Next, we report that T. gondii expresses a second BAR-domain containing protein, TgBAR2, with features that highly contrast with those of the BAR domain of TgREMIND. Its BAR domain is highly basic and strongly binds membranes, but only if those are enriched with negatively charged lipids. TgBAR2 binds to these membranes in a rather curvature-independent manner and powerfully deforms liposomes into tubules that can be extremely narrow (∼10 nm in diameter). These features are similar to those of many other BAR and N-BAR-containing proteins (21,36,47), suggesting that the function of TgBAR2 would be to form and stabilize highly-curved membrane structures. However, we noted that the concave face of the BAR domain of TgBAR2 is far more basic than that of these archetypical examples of the BAR domain. These features might explain the capacity of TgBAR2 to powerfully deform membranes despite its lack of AH. We additionally observe by cryo-EM that TgBAR2 can induce the formation of tubules only made of one lipid monolayer, a characteristic that has never been reported for any other BAR domain to our knowledge. Therefore, the BAR domain of TgBAR2 represents a new kind of BAR domain. How this is related to the function of that protein in T. gondii remains challenging to say. TgBAR2 (under the name BAR2) has been recently reported to be, contrary to TgREMIND, at the periphery of the cell, colocalizing with IMC. As mentioned before, the inner leaflet of the medium IMC is particularly well-enriched in PS, and the inner leaflet of PM contains both PS and PI(4,5)P2 (41). Thus, these observations fit well with our observation that TgBAR2 associates in vitro with membranes containing both lipids. However, puzzlingly, despite its localization and ability to remodel negatively-charged membrane, TgBAR2 is not found at the level of the micropore, an endocytic structure derived from the parasite PM bearing dynamin-like protein TgDrpC, TgAP-2 adaptor, and Kelch13 (18). However, it should be noted that other endocytic structures have been observed (48,49) but have yet to be characterized from a molecular point of view. The finding that TgBAR2 has a strong capability of remodeling anionic membranes should motivate further investigations.
Experimental procedures
Plasmids
The [70-347] region of TgREMIND (F-BARREMIND) was fused to an N-terminal His-tag and cloned into a pET-M13 plasmid (from S. Tomavo and S. Zinn-Justin, I2BC, France). Five cysteines were replaced by alanine or serine residues (C91S, C160A, C218A, C251A, and C296S mutations) to prevent protein aggregation during purification. Additional mutations in this construct were generated using the QuikChange Lightning Site-Directed Mutagenesis Kit (Agilent technologies). The sequence of the full-length TgREMIND or the [495-840] region of the protein (REMIND region) was cloned in a pGEX-6P-3 plasmid to be expressed in fusion with an N-terminal GST tag (from S. Tomavo and S. Zinn-Justin). The tag and each protein of interest are linked by a sequence (LEVLFQGPLGSGGTGQQMGRDLENLYFQG) containing a Protease Precission cleavage site. Mutations in the REMIND construct were introduced by site-directed mutagenesis using PfuUltra II High-fidelity DNA Polymerase (Agilent technologies). A codon-optimized synthetic TgBAR2 gene was cloned in pET-15b plasmid (ProteoGenix) to express the protein with an N-terminal His-tag. The sequence of the N-BAR domain of human amphiphysin (residues 2–242, N-BARAmph) was cloned into a pGEX-4T-2 plasmid to be expressed in fusion to an N-terminal GST tag (gift from Dr. J.C. Stachowiak, University of Texas, USA).

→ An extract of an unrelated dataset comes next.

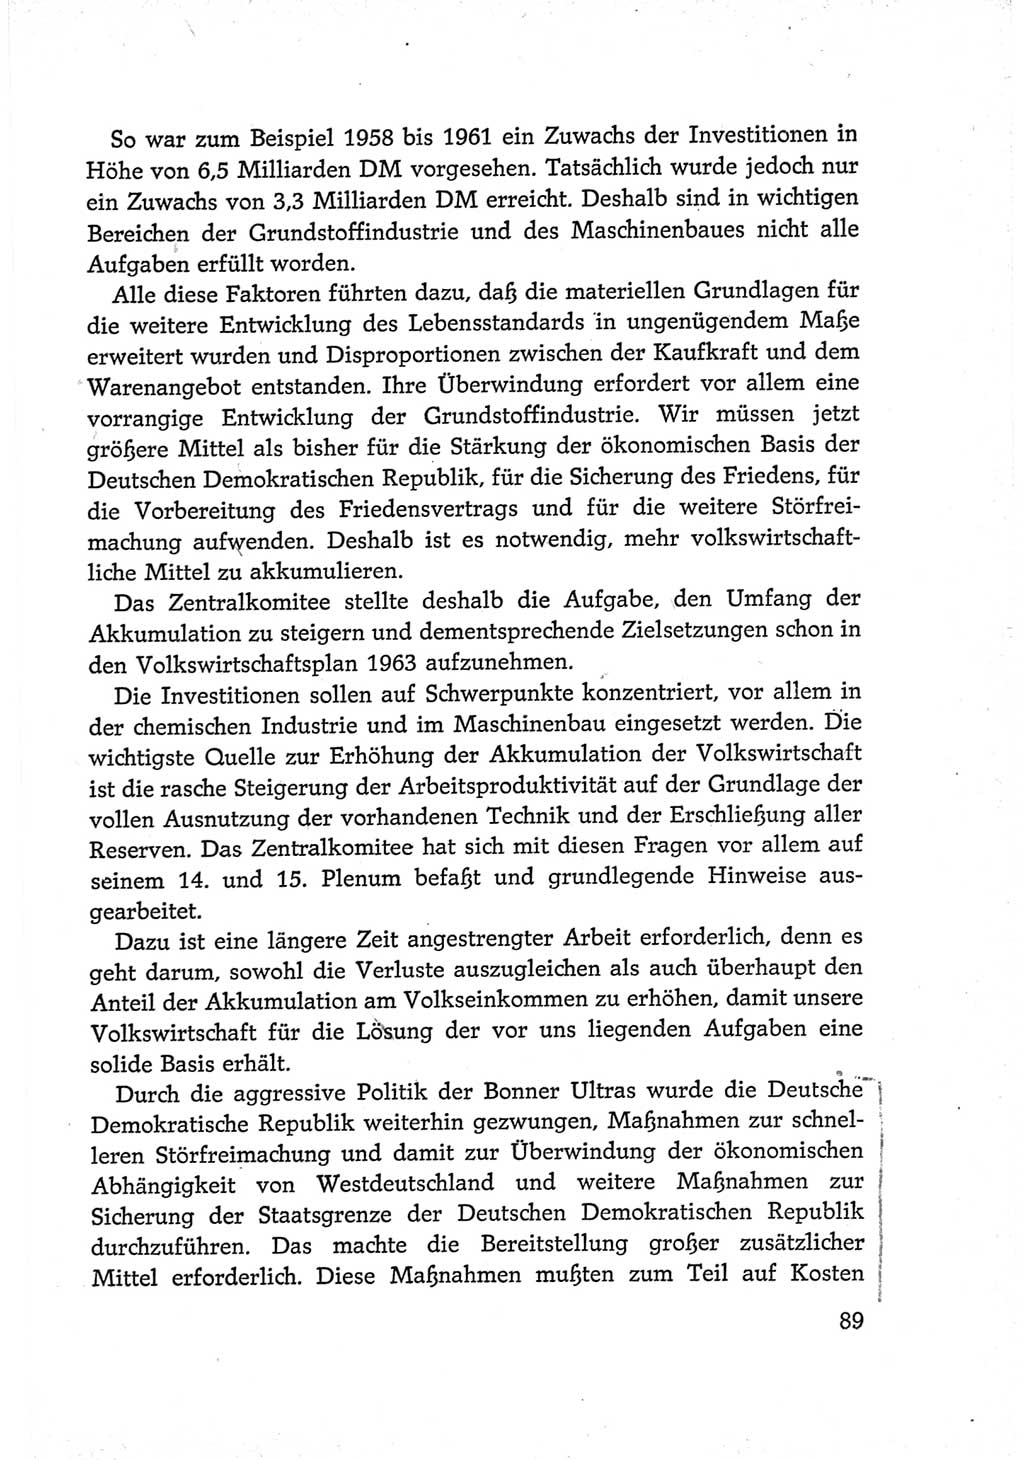 Protokoll der Verhandlungen des Ⅵ. Parteitages der Sozialistischen Einheitspartei Deutschlands (SED) [Deutsche Demokratische Republik (DDR)] 1963, Band Ⅳ, Seite 89 (Prot. Verh. Ⅵ. PT SED DDR 1963, Bd. Ⅳ, S. 89)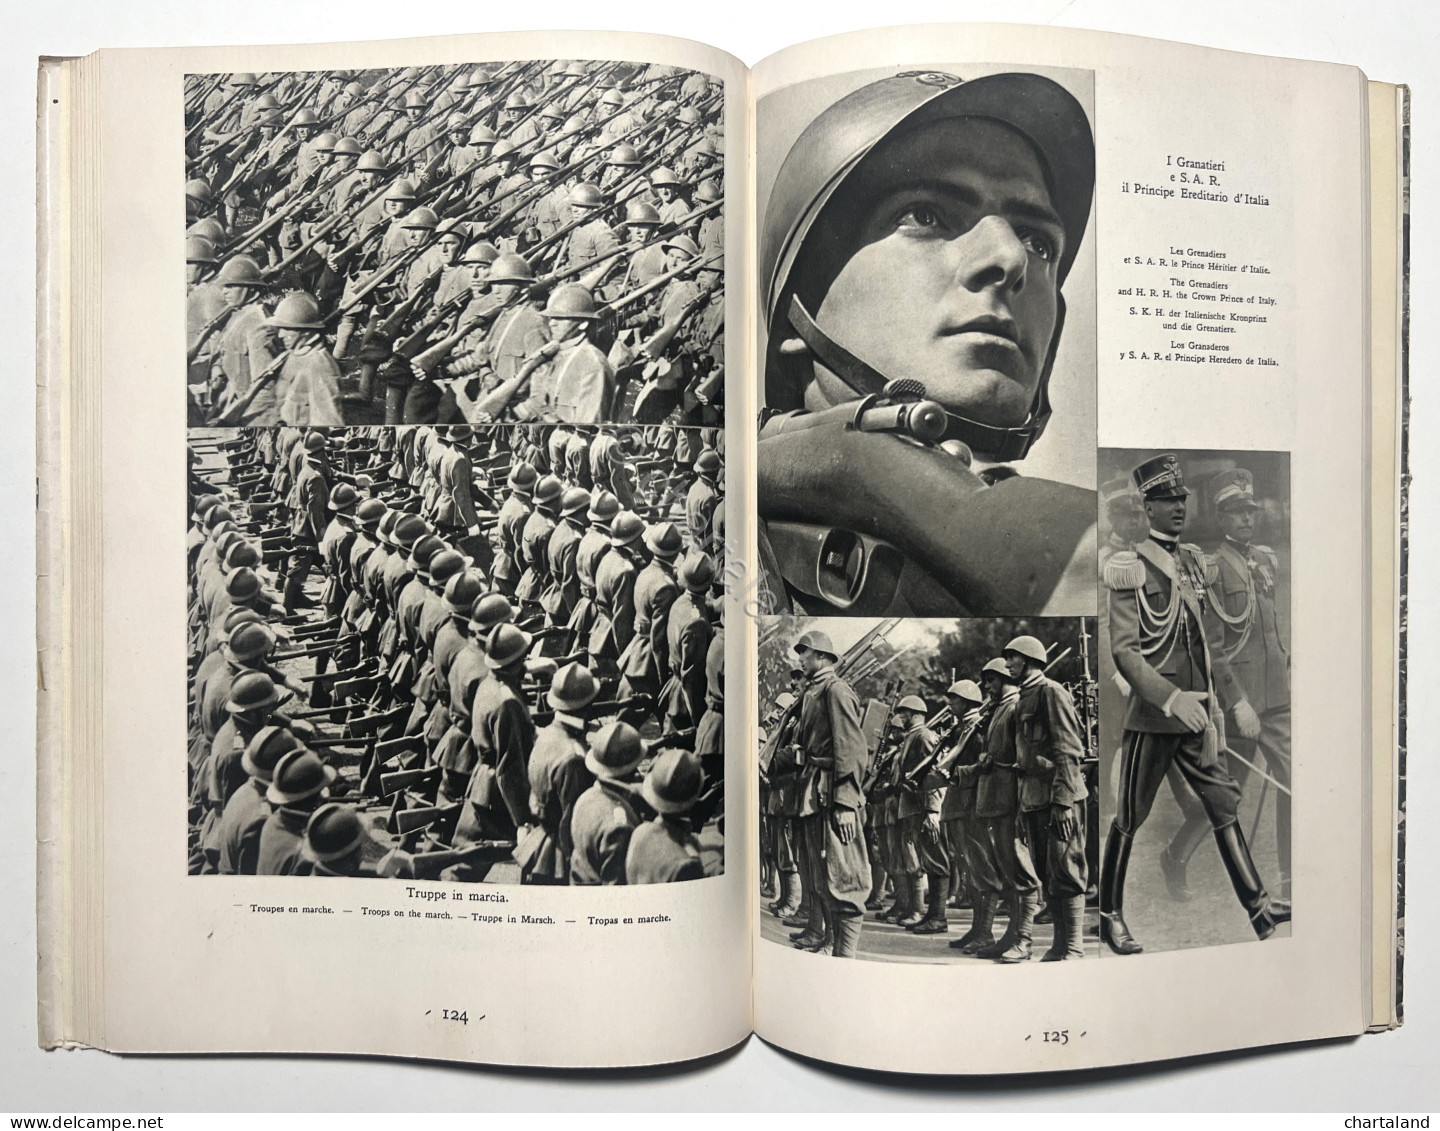 Istituto Nazionale L.U.C.E. - L'Italia Fascista In Cammino - Ed. 1932 - Autres & Non Classés

For cell biology experiments, a codon-optimized synthetic TgREMIND gene was cloned in a pEGFP-C1 expression vector to express the protein in fusion with an N-terminal GFP (Proteogenix). A stop codon was inserted in the coding sequence of TgREMIND to express the [1-382] region of TgREMIND appended with an N-terminal GFP (GFP-F-BARREMIND). Another expression vector, coding for the region [500-842] of TgREMIND in fusion with GFP, was also prepared (GFP-REMIND). The sequences of all these constructs and mutants were checked by DNA sequencing.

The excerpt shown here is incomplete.